Du point de vue clinique, les étudiant-e-s ont pu suivre les consultations médicales sous l’encadrement des médecins du sport expérimentés au sein de la clinique médicale du village olympique, le Vortex. Le spectre de pathologies vues pendant ces trois semaines était très large, incluant de la traumatologie, des réactions allergiques et des atteintes respiratoires ou gastro-intestinales, sans oublier l’accent particulièrement important mis sur la prévention.
Ces situations médicales étaient particulièrement spéciales, car elles avaient un impact direct sur les performances de l’athlète, qui avait souvent une ou plusieurs compétitions les jours suivants. Ceci diffère largement des contextes habituels de consultations auxquels nous sommes habitués, de par la nécessité d’adaptation rapide et de solutions immédiates. Ces prises en charge devaient également s’intégrer dans le respect des conditions strictes des règlements anti-dopage. En effet, de nombreuses substances ou méthodes thérapeutiques que nous avons l’habitude d’utiliser dans des consultations urgentes se trouvent sur la liste des produits et méthodes interdits. Il convenait donc de trouver des alternatives thérapeutiques autorisées et efficaces. Nous avons été confrontés à un tel cas, avec l’arrivée d’un athlète qui a fait une réaction allergique: il s’est présenté uniquement avec une urticaire généralisée persistant malgré un traitement anti-histaminique qu’il avait déjà pris. Les corticostéroïdes systémiques, qui sont habituellement utilisés, ont été évités initialement, car ils figurent sur la liste des médicaments interdits. Le médecin de son équipe a été informé de la situation et a demandé qu’on essaye d’attendre son arrivée et si possible, éviter la cortisone, mais que si l’état se péjorait, qu’il fallait l’administrer. Son état clinique s’est péjoré avec l’apparition d’une dyspnée et un œdème facial. On a posé une voie veineuse et administrer un anti-histaminique i.v. et les corticostéroïdes qui ont vite permis de rétablir une situation stable. Le patient a été transféré au CHUV pour une surveillance de quelques heures avant de revenir au Vortex, complètement rétabli. Dans certains cas, cela n’était pas possible et il était nécessaire de faire une demande de dérogation pour pouvoir soigner l’athlète sans qu’il soit pénalisé dans ses JOJ.

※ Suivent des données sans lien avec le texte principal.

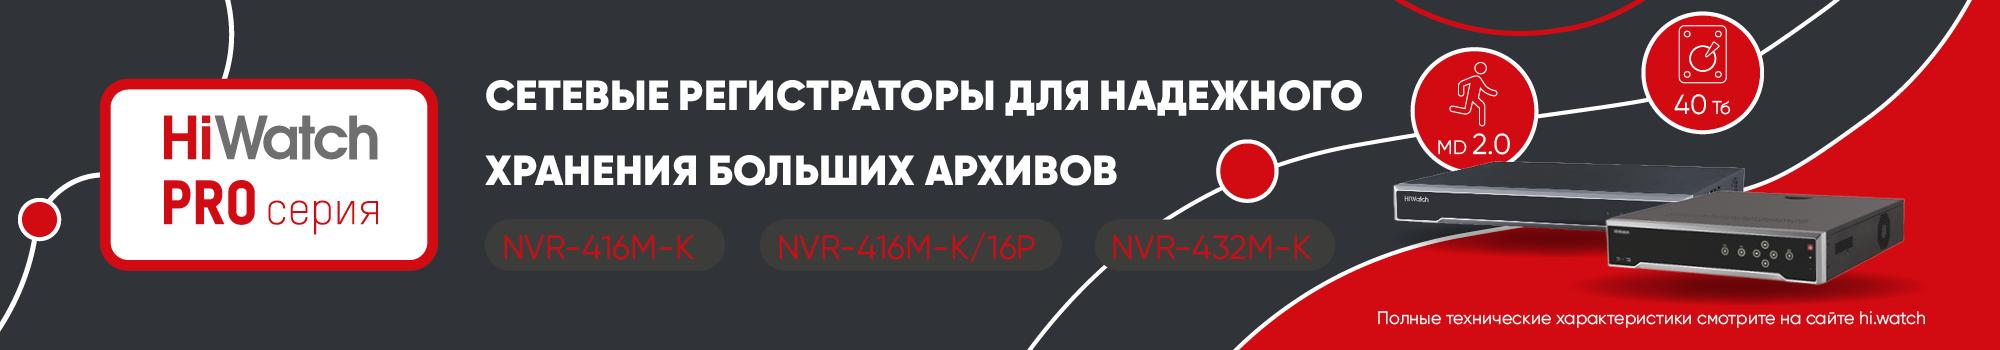 nvr_hiwatch_pro_web73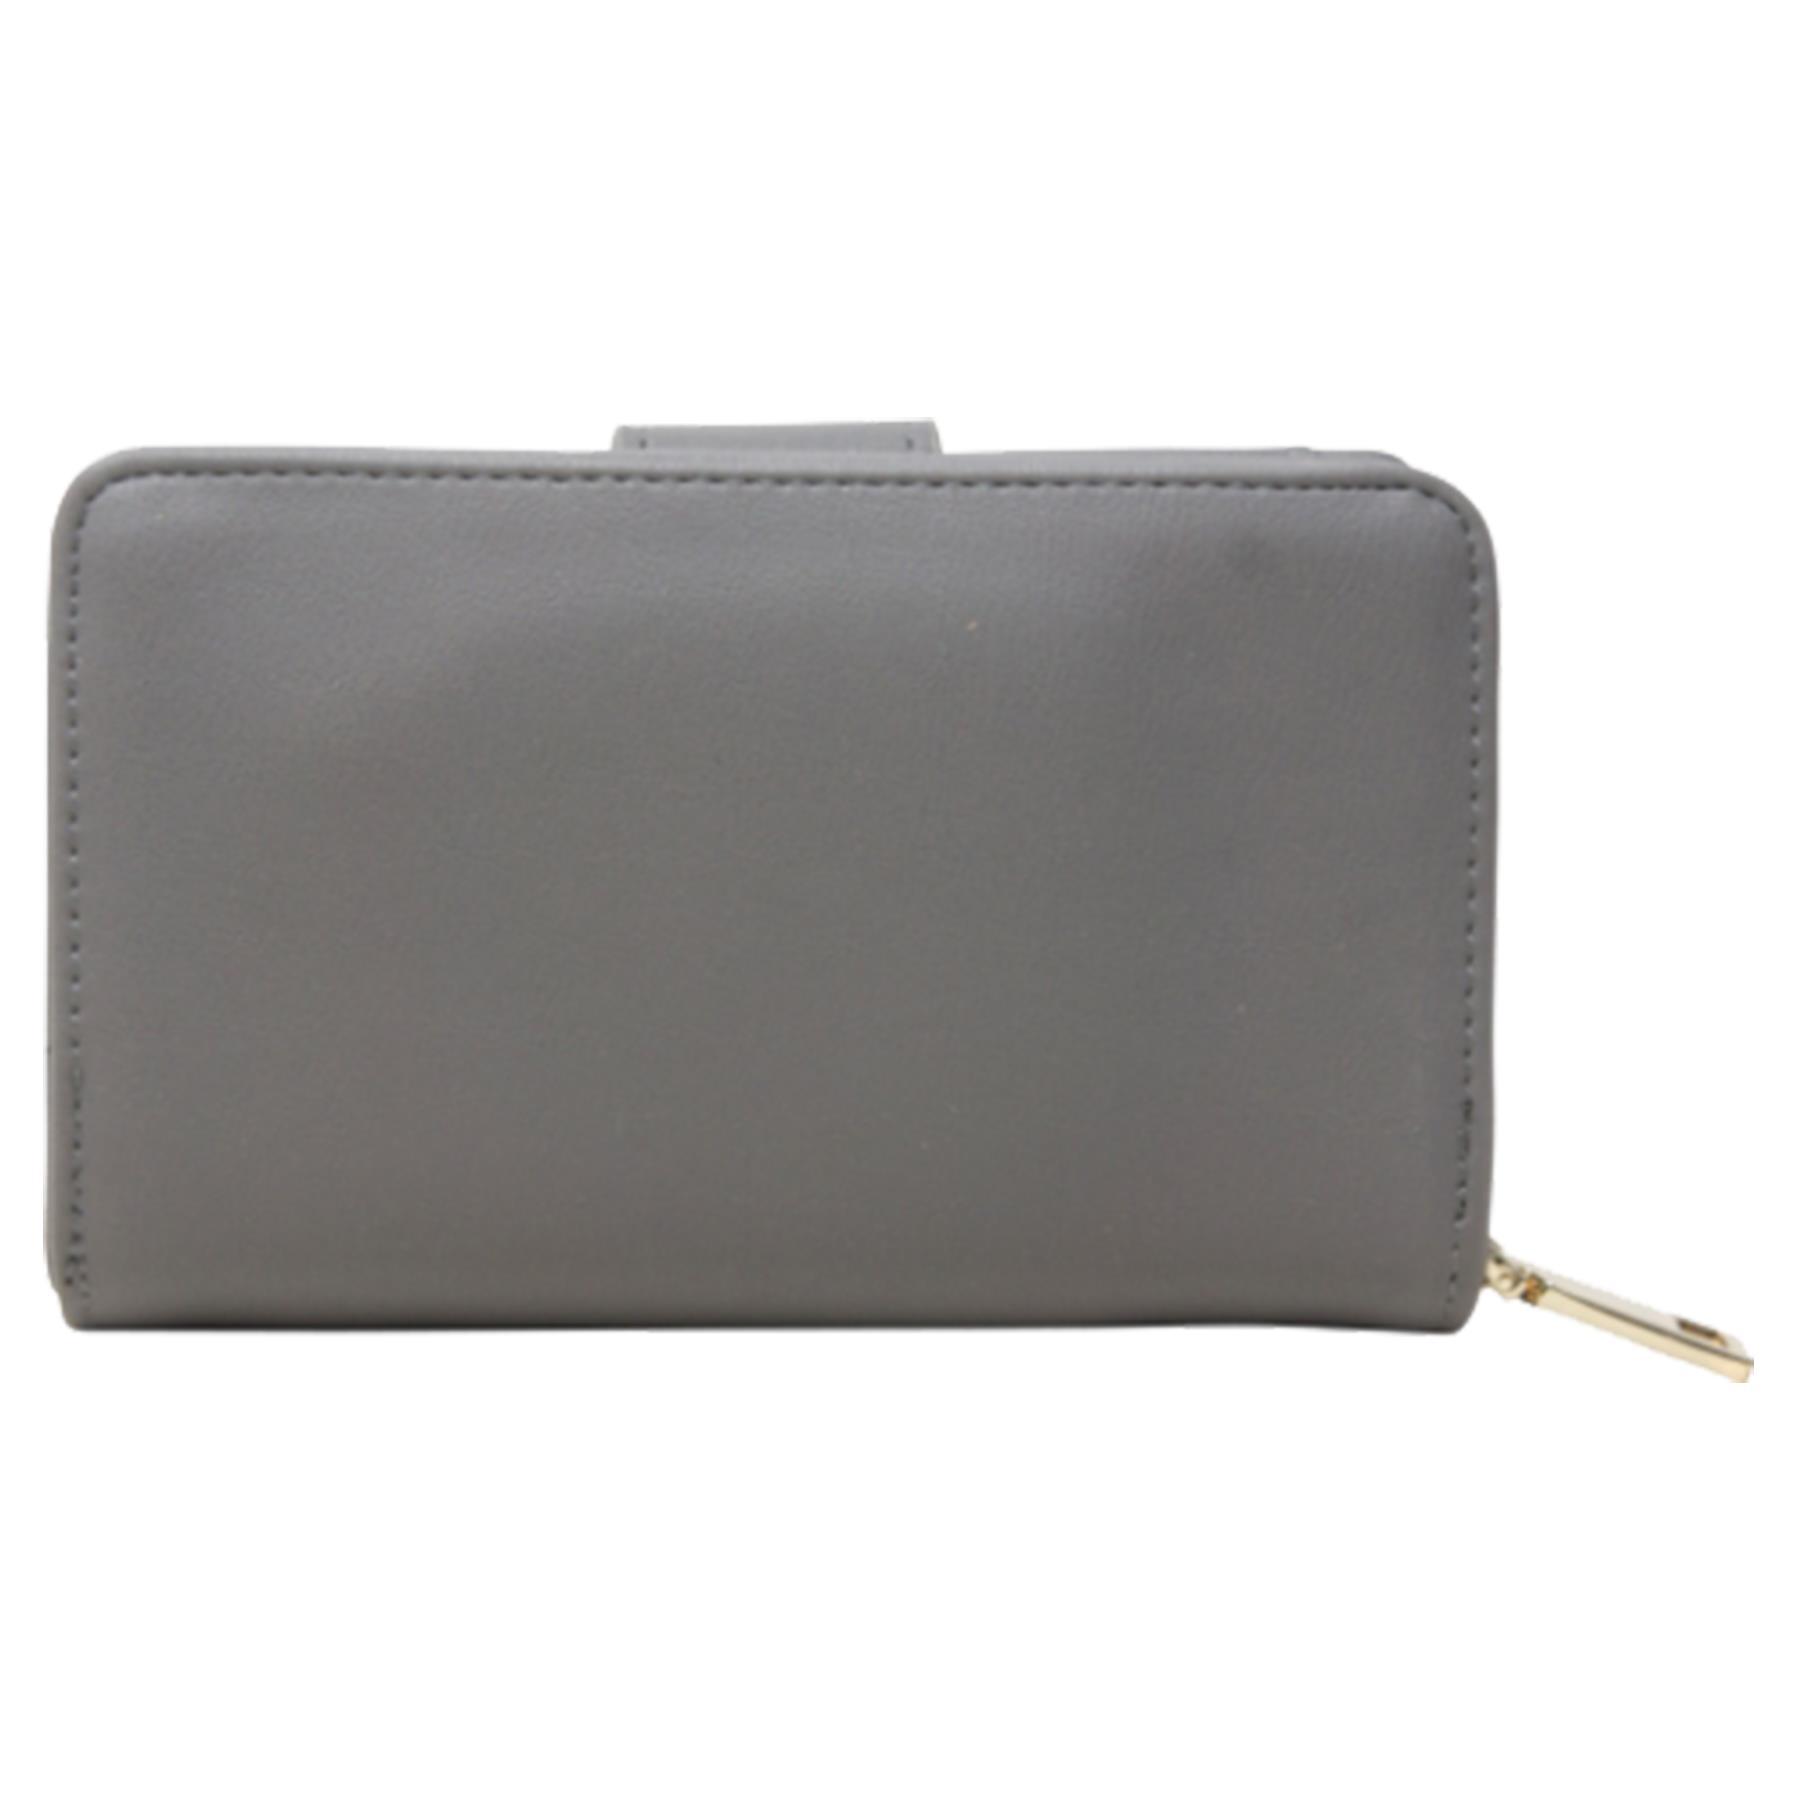 New-Ladies-Card-Slots-Zipped-Pocket-Faux-Leather-Basic-Wallet-Purse thumbnail 15

Cela nécessitait aussi de communiquer avec le médecin et/ou le staff accompagnant de l’athlète afin d’informer sur sa santé et sur les conséquences ou le suivi nécessaires pour la suite des compétitions.
Pour traverser ces prises en charge, les étudiant-e-s ont eu l’occasion d’être supervisé-e-s par différents médecins spécialistes (chirurgie, orthopédie, radiologie, pédiatrie) et corps de métiers de la santé (physiothérapeutes, chiropraticiens, dentistes, podologues).

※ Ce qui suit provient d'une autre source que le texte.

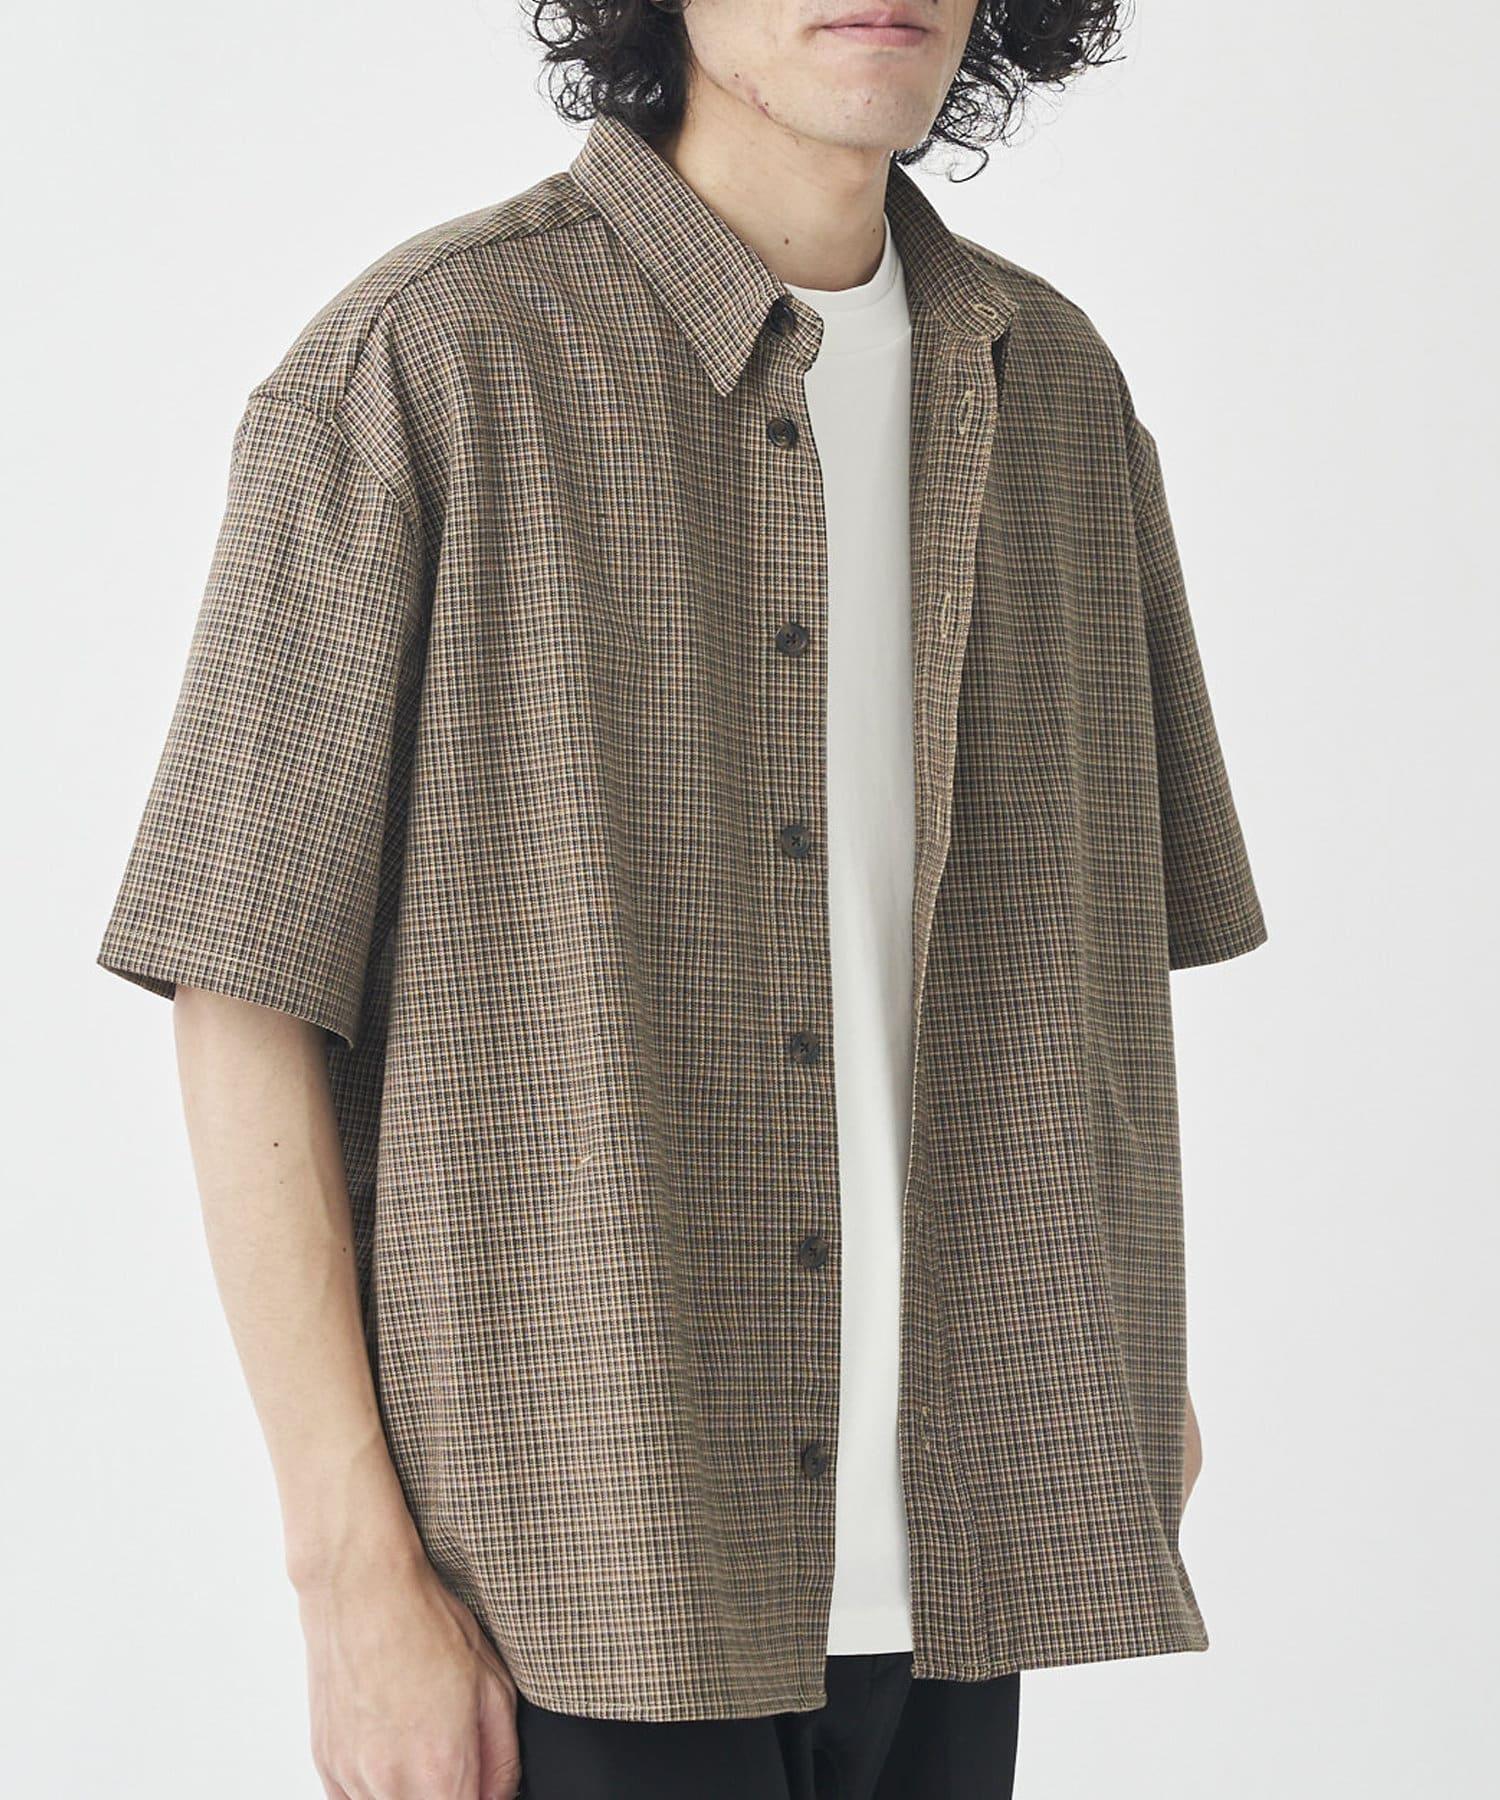 CPCM(シーピーシーエム) TRチェック半袖ビッグシャツ

Lors de traumatismes nécessitant des examens radiologiques complémentaires (radiographies, IRM, CT), les étudiant-e-s étaient chargé-e-s d’accompagner les athlètes auprès des deux institutions hospitalières de référence (Hôpital de l’Enfance de Lausanne – HEL, Centre Hospitalier Universitaire Vaudois – CHUV). Cela a permis aux athlètes d’avoir un suivi tout le long de leur prise en charge, facilitant cette dernière. Les étudiants ont pu transmettre les informations médicales nécessaires aux médecins et soignants dans les hôpitaux, tout en participant à la prise en charge complète de l’athlète, de son arrivée au Vortex, jusqu’à son départ.
La prévention aux JOJ
A propos de la prévention, les étudiant-e-s ont eu l’occasion de discuter avec les athlètes qui consultaient, afin de leurs prodiguer quelques conseils préventifs. Bien sûr il a été questions de blessures, mais aussi d’aspects annexes tels que la santé sexuelle, ou encore les soins dentaires. A cet effet, des préservatifs gratuits étaient à disposition pour les athlètes, qui pouvaient venir se servir lorsque la policlinique était ouverte. Les contrôles dentaires offerts sur place ont aussi pu être promus dans ces échanges.
Un accent tout particulier a été mis sur l’importance de la santé publique, notamment en raison d’une alerte au norovirus dès les premiers jours de la manifestation. La dissémination de ce virus hautement contagieux, causant une gastro-entérite sévère, au sein des délégations d’athlètes aurait été catastrophique. Outre les informations professionnelles que nous avons reçues sur les mesures préventives et de désinfection, des campagnes de prévention pour l’hygiène des mains ont été mises sur pied très rapidement, en particulier une «flash-mob» animée sous forme de chorégraphies au sein du Vortex. En parallèle, des mesures d’isolement ont dû être prises pour certaines personnes.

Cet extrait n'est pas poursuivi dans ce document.